Castle of Fu Manchu (1969): The last in the series and with Franco directing again, the flick is long on silliness and short on coherence. We’re talking fiendish plotting in boats on the Bosphorus. Extended sequence of henchmen trotting around bearing clearly empty coffins on their shoulders. The most unobservant palace guards in cinema history. Gratuitous fat guy in nightshirt. Gratuitous fezzes. The Brightly Colored Liquids Boiling in Flasks of Fu Manchu. No nekkidity. Classic ending: “The world shall hear from me again.” Except it hasn’t. Alas.

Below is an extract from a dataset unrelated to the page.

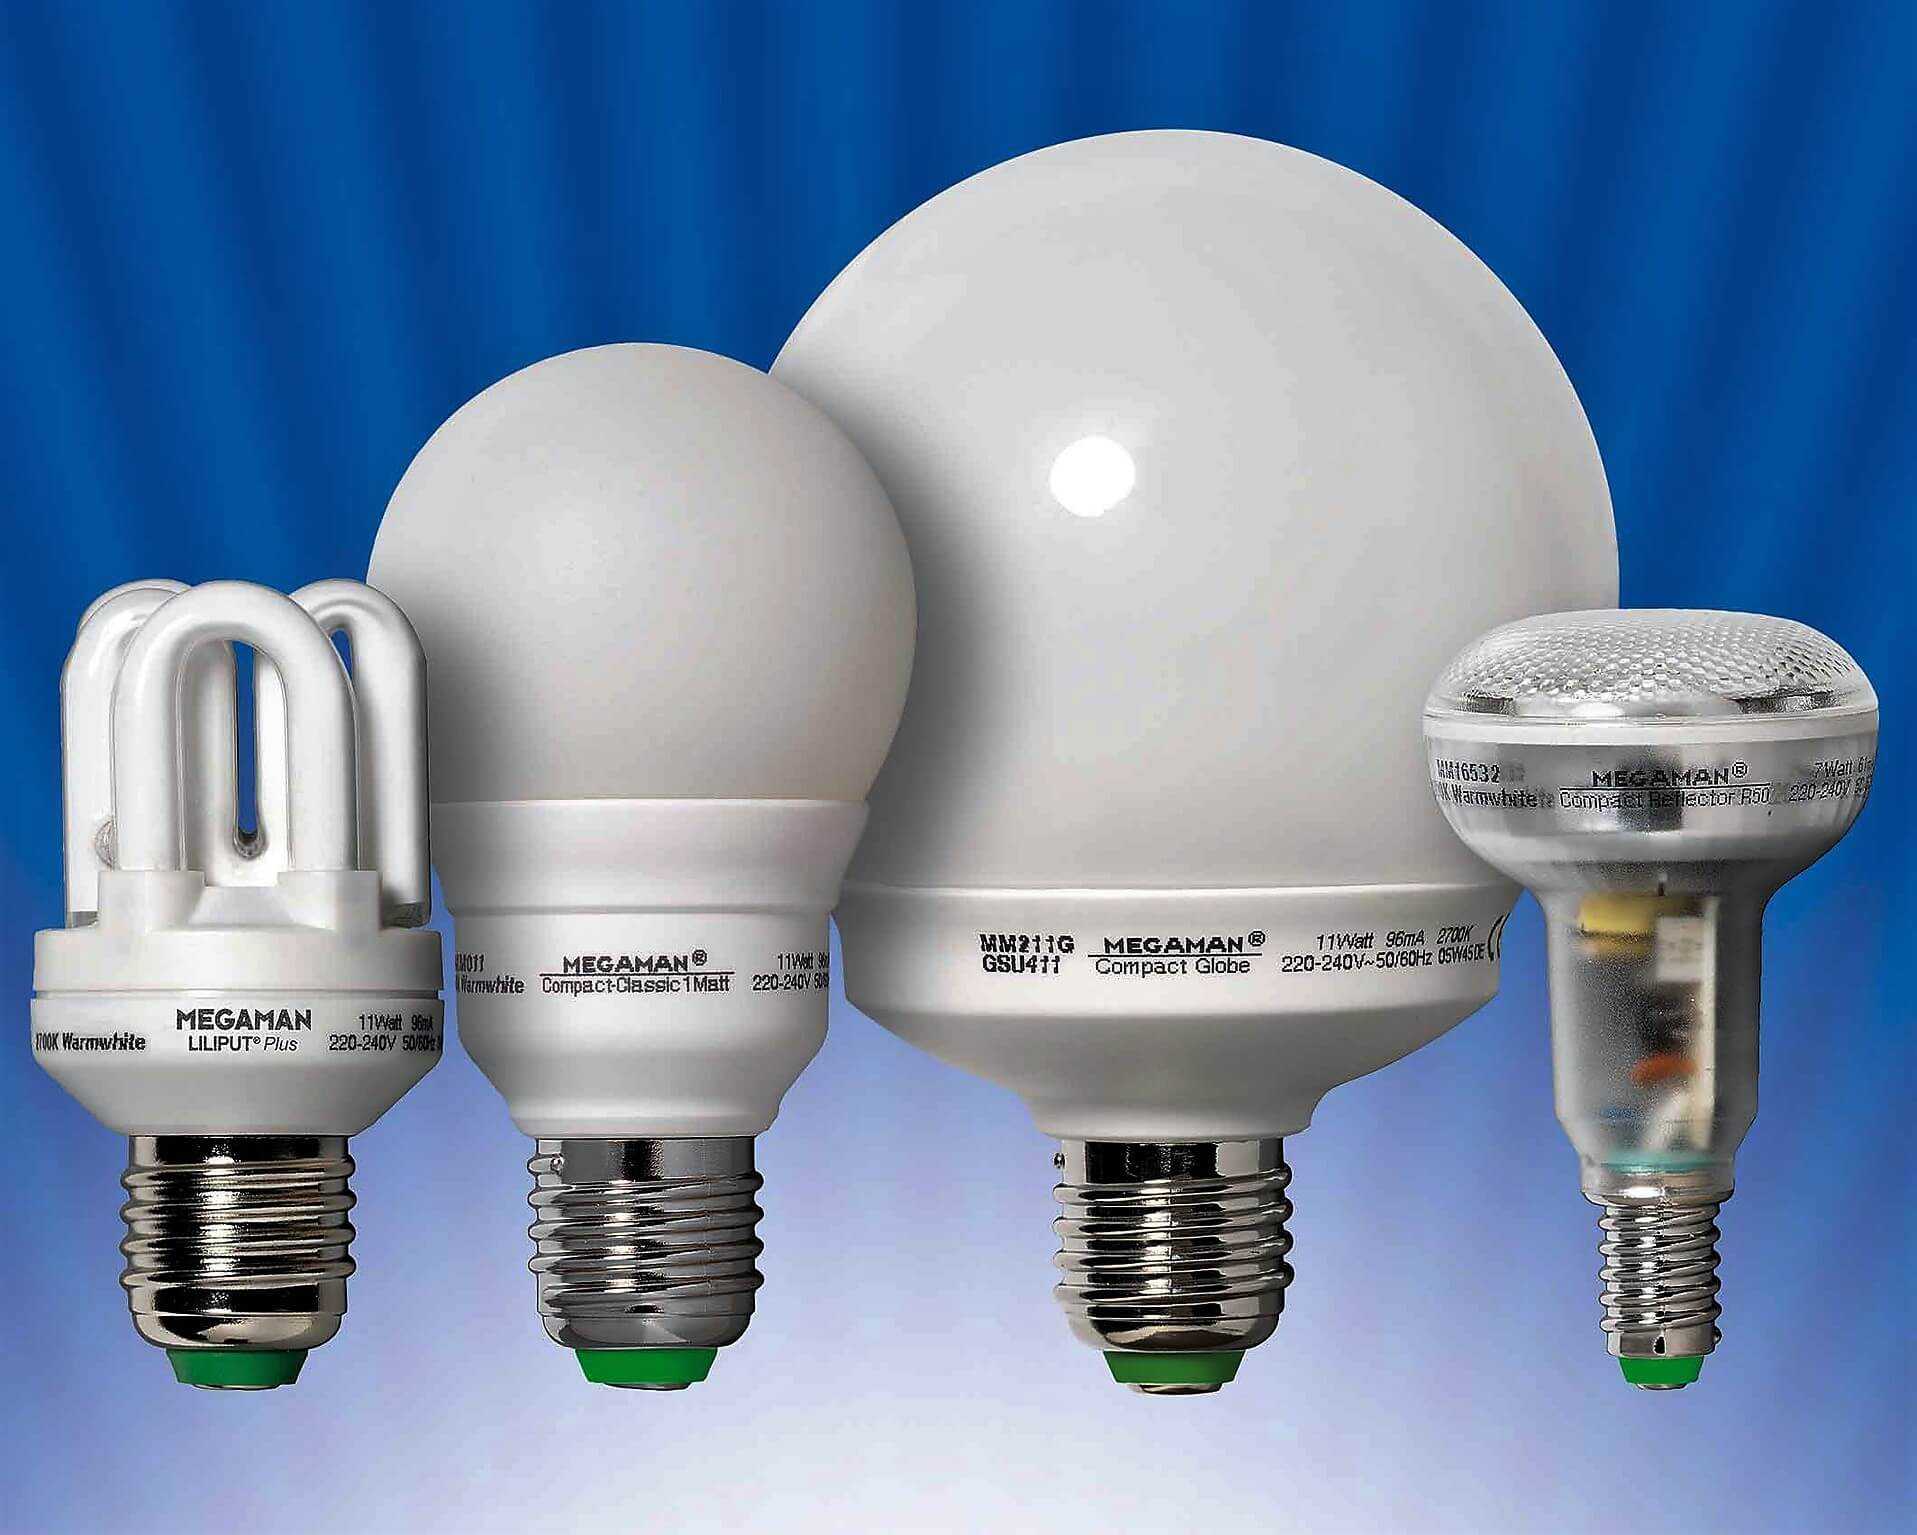 Энергосберегающие лампы: плюсы и минусы, виды и их характеристики | советы специалистов
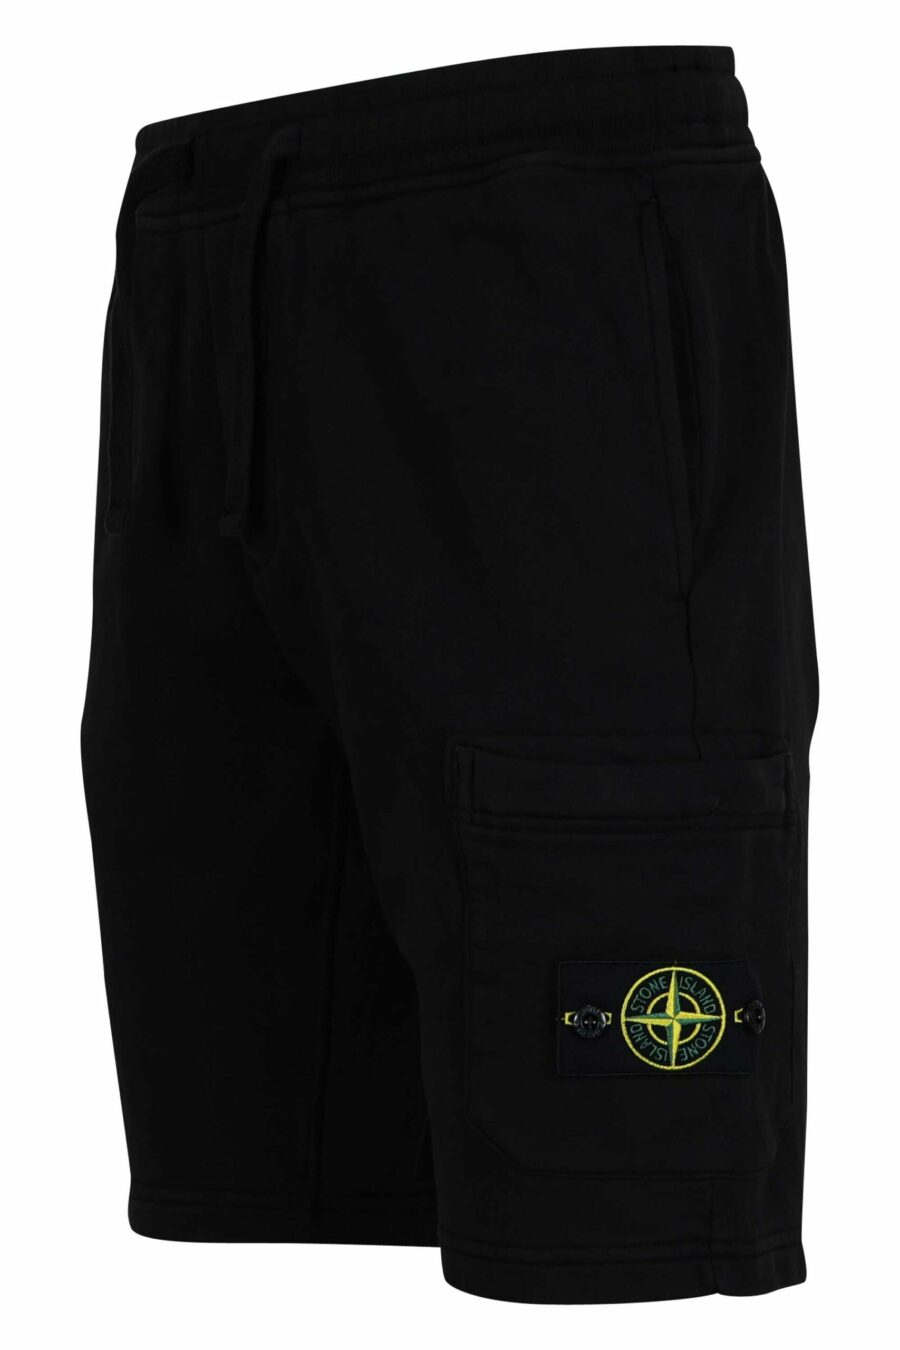 Pantalón de chándal corto negro con logo parche brújula - 8052572852916 1 scaled

There are two Fu films made with Warner Oland in the title role, one with Boris Karloff, and a TV series with Glen Gordon. They are all interesting in their ways but Fu fans should check out the 1940 Republic Pictures “Drums of Fu Manchu” serial, available in a two-disc DVD set. With Henry Brandon as Fu. Made by the same people who did “Captain Marvel,” with the same sets, graphics, music and extras. Each chapter is about 18 minutes long (except the first, which is 29 minutes) and has a cliffhanger ending. After the U.S. entered World War II and China was an ally, the Chinese government politely asked the State Department if they could put the arm on Republic to cheese it with the Yellow Peril stuff, and that was it for Fu Manchu on the big screen until 1965.
Despite the obvious flaws in the individual movies, as a whole the series rates a hearty three coils with the automatic on coil dedication for no nekkidity.